# Sourcing cheap round trip flights from Shannon to New York



## jryan (12 Dec 2005)

Just wondering if anyone has sourced some cheap flights from Shannon to New York.  I'm thinking of going in March - the cost is approx 150euro OUT and 200euro IN (My travel dates via Aer Lingus website) before tax & charges. Are Are Lingus the only airline operating this route? Are there any recommended auction websites for tickets? What are the pros and cons of using such a site?


----------



## DrMoriarty (12 Dec 2005)

I can't answer your subsequent questions, but it seems to me that €350 for a Shannon/NY round trip is not bad...

Have you tried pricing it 'in reverse'?


----------



## EvilDoctorK (12 Dec 2005)

Unless you want indirect routeings then your choices are Aer Lingus to JFK or Continental to Newark (www.flycontinental.com) ... I would have said that €350+tax wasnt' a bad price.


----------



## brodiebabe (12 Dec 2005)

I always use www.ebookers.ie or [broken link removed] thought latlelu I have found www.expedia.co.uk to be cheaper (even with the bad sterling exchange rate).  Have you tried all of the above?


----------



## gentle123 (13 Dec 2005)

Thats a great price for direct flights, plus aer lingus have some of the best baggage allowances going for a long haul trip to NY


----------



## sheena42 (20 Dec 2005)

if you can get the seats with continental you would be looking at 
a total fare of 285 euro.... inc all taxes ... this flight departs from shannon and arrives into newark ...


----------



## bonvoyage123 (5 Jan 2006)

I use Gohop.ie a lot of the time and it is truly an excellent site run by Irish people none the less. It will give you flight options on different airlines for the same destination. Aer Lingus are not always the cheapest to destinations they fly. Check it out www.gohop.ie


----------



## jryan (5 Jan 2006)

Best site i've seen to date. There are some excellent package deals on offer.


----------



## Chacrastor (5 Jan 2006)

Just booked flights to NYC with Gohop.. Deadly deal to be fair. Weekend break to NYC for Shopping next Christmas.. bit early but fare warranted booking.. 

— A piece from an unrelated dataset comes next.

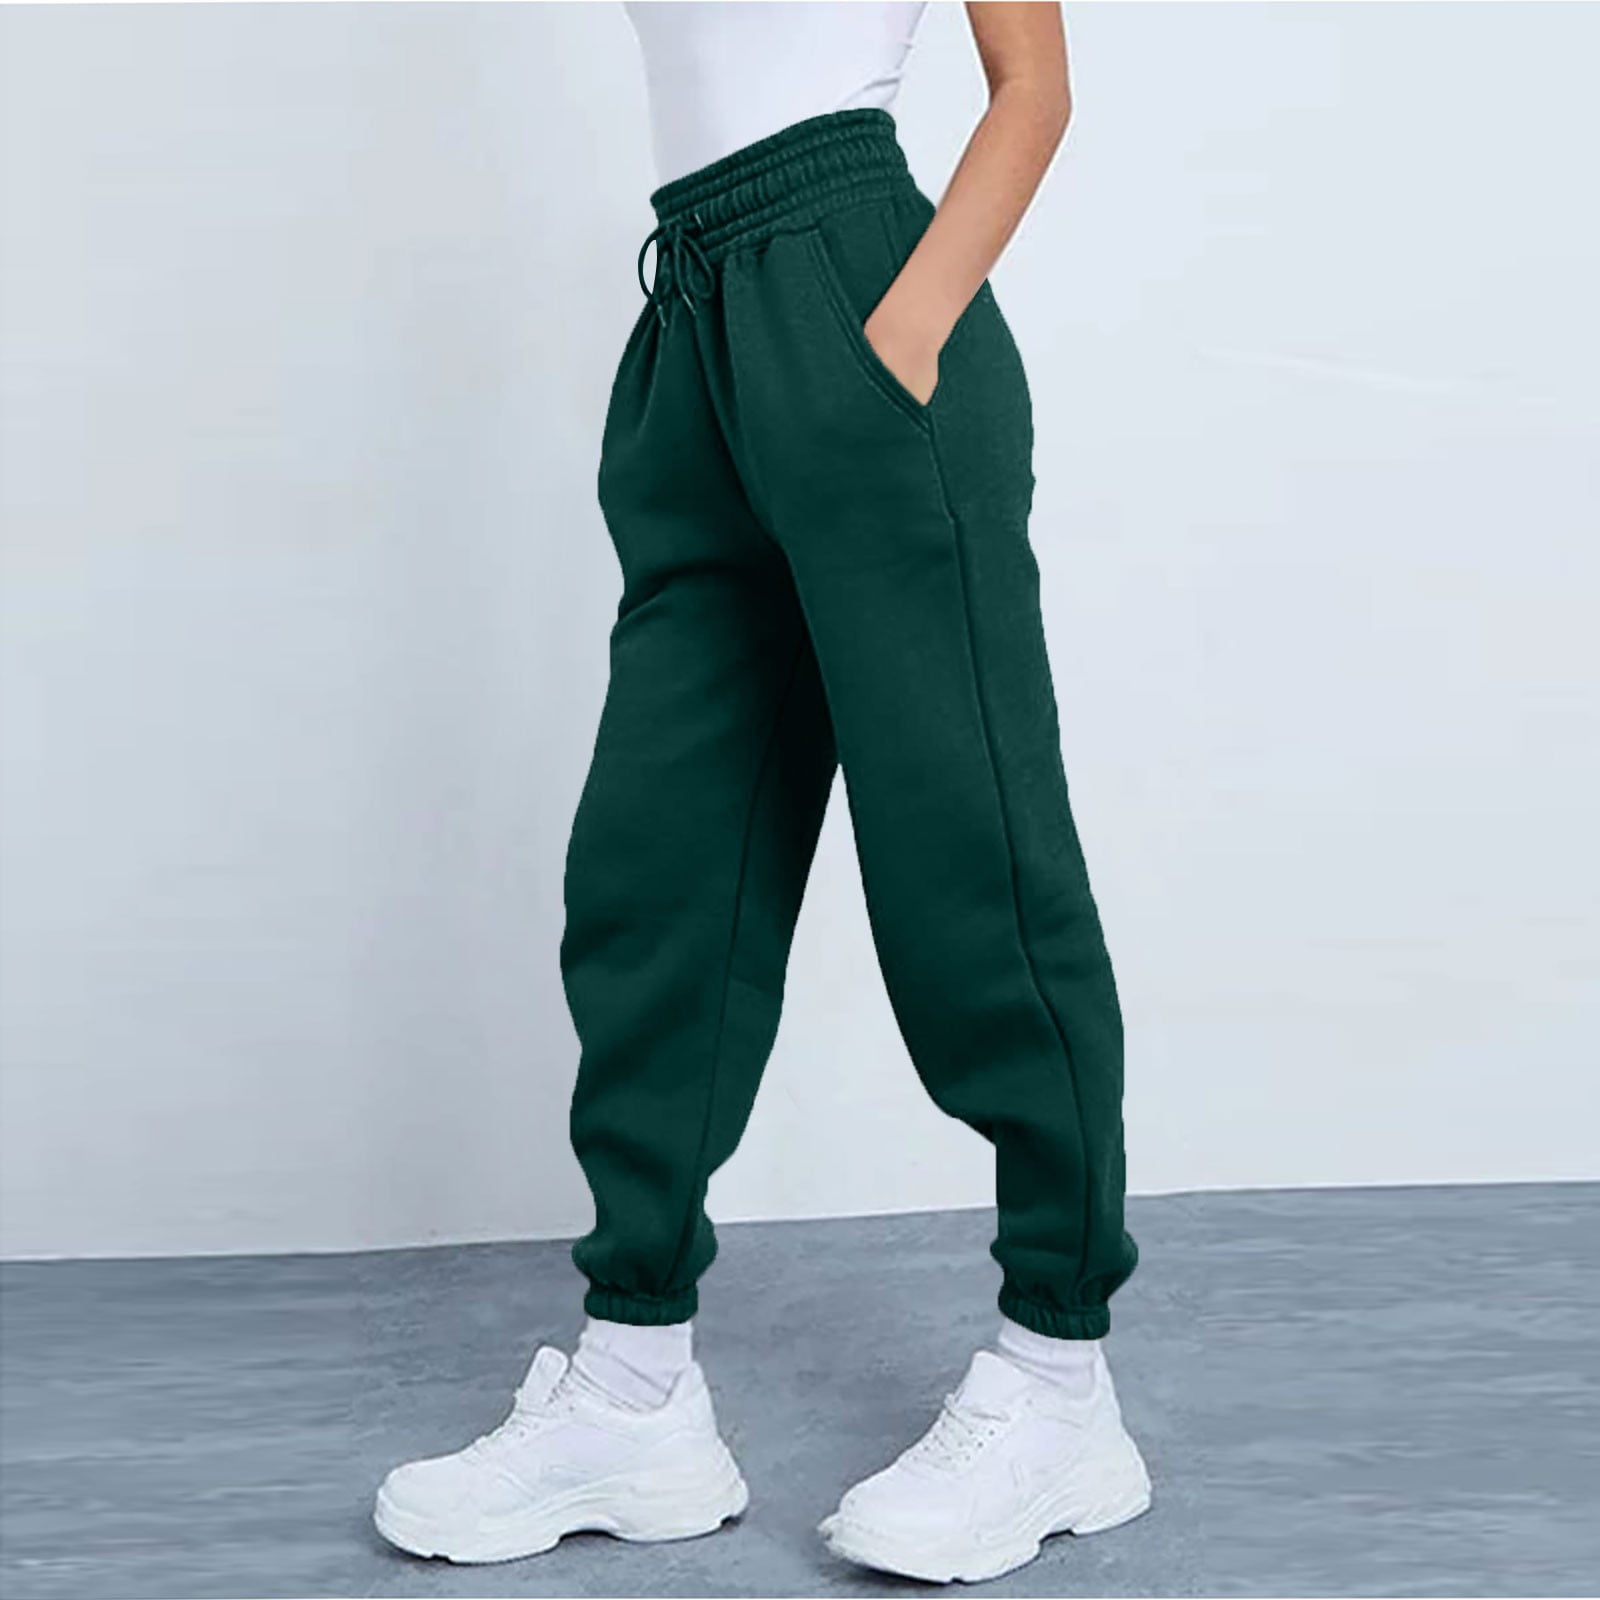 Susanny Petite Sweatpants for Women Elastic Ankle Cinch Bottom
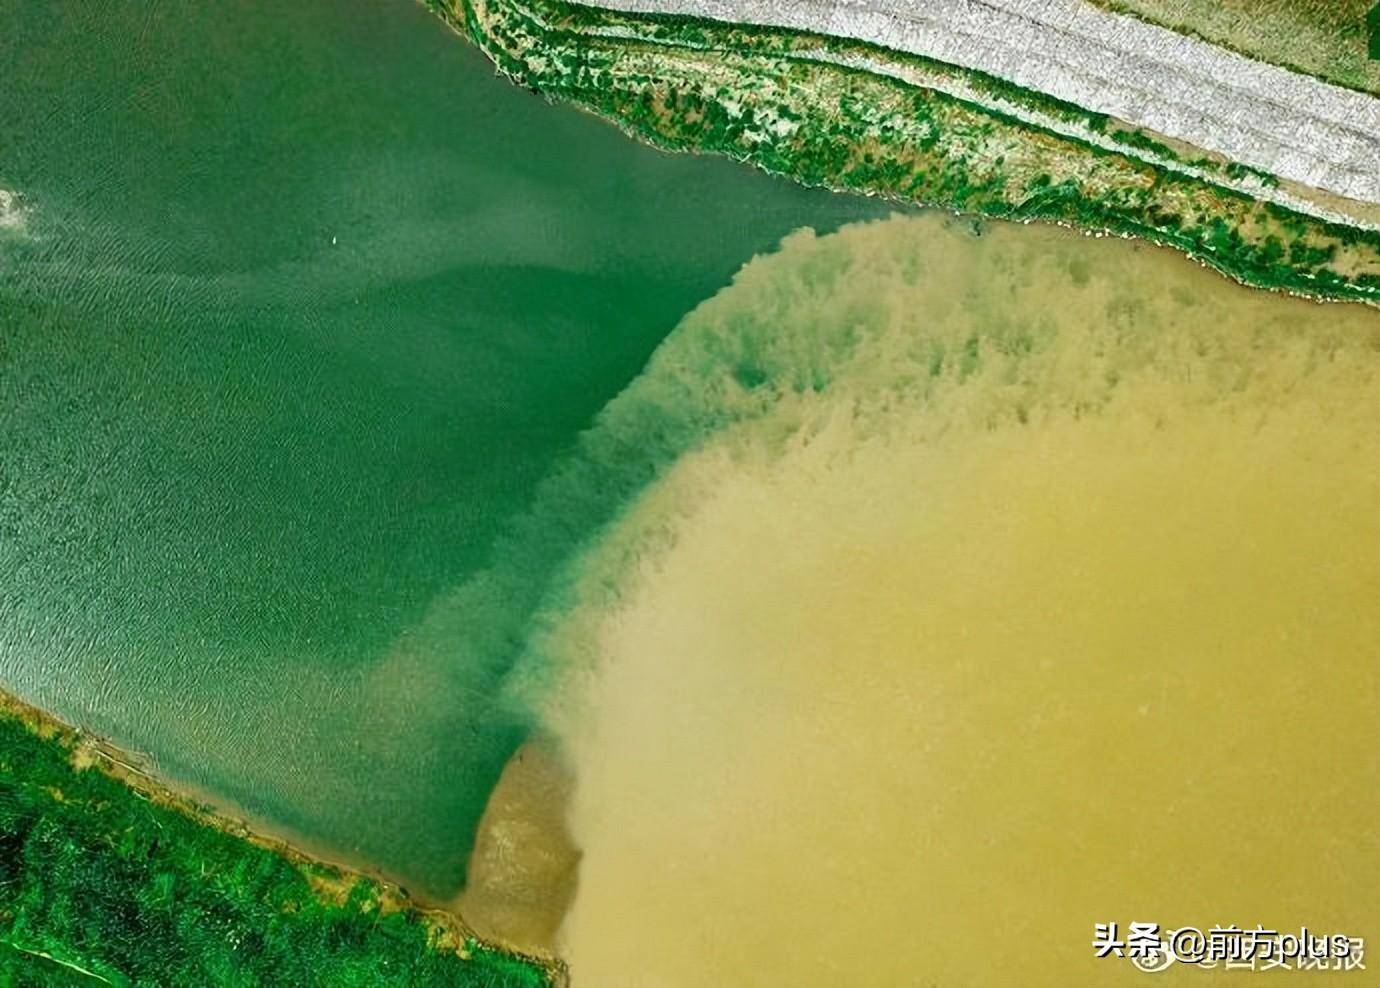 6月4日,在西安市高陵区渭河,泾河交汇处,浑浊的渭河与青蓝的泾河轻盈

Depart Wed, 01 Nov 2006 11:20 Arrive  Wed, 01 Nov 13:10
Depart Mon, 06 Nov 2006 19:40 Arrive  Tue, 07 Nov 09:40
Roundtrip Fare 223.00 Tax 43 

Beat that.. Also called to make sure things were okay and phone was answered quickly and they reconfirmed seating assignments. Faith restored in this beautiful new medium backed up by traditional service.


----------



## tall chapy (8 Jan 2006)

Best I could do was €276.35 for the same flight.(233.00 Tax 43) 
In case you did not know the return trip is via Dublin and you have not included gohop's service fee of €19.
Check the fare also as it is coming up at €233 + 43 tax on gohop and delta
If you book it direct with delta you would not have to pay the gohop €19 service fee.


----------



## Brendan Burgess (11 Jan 2006)

Chacrastor

You have recommended gohop.ie in three of your 4 posts.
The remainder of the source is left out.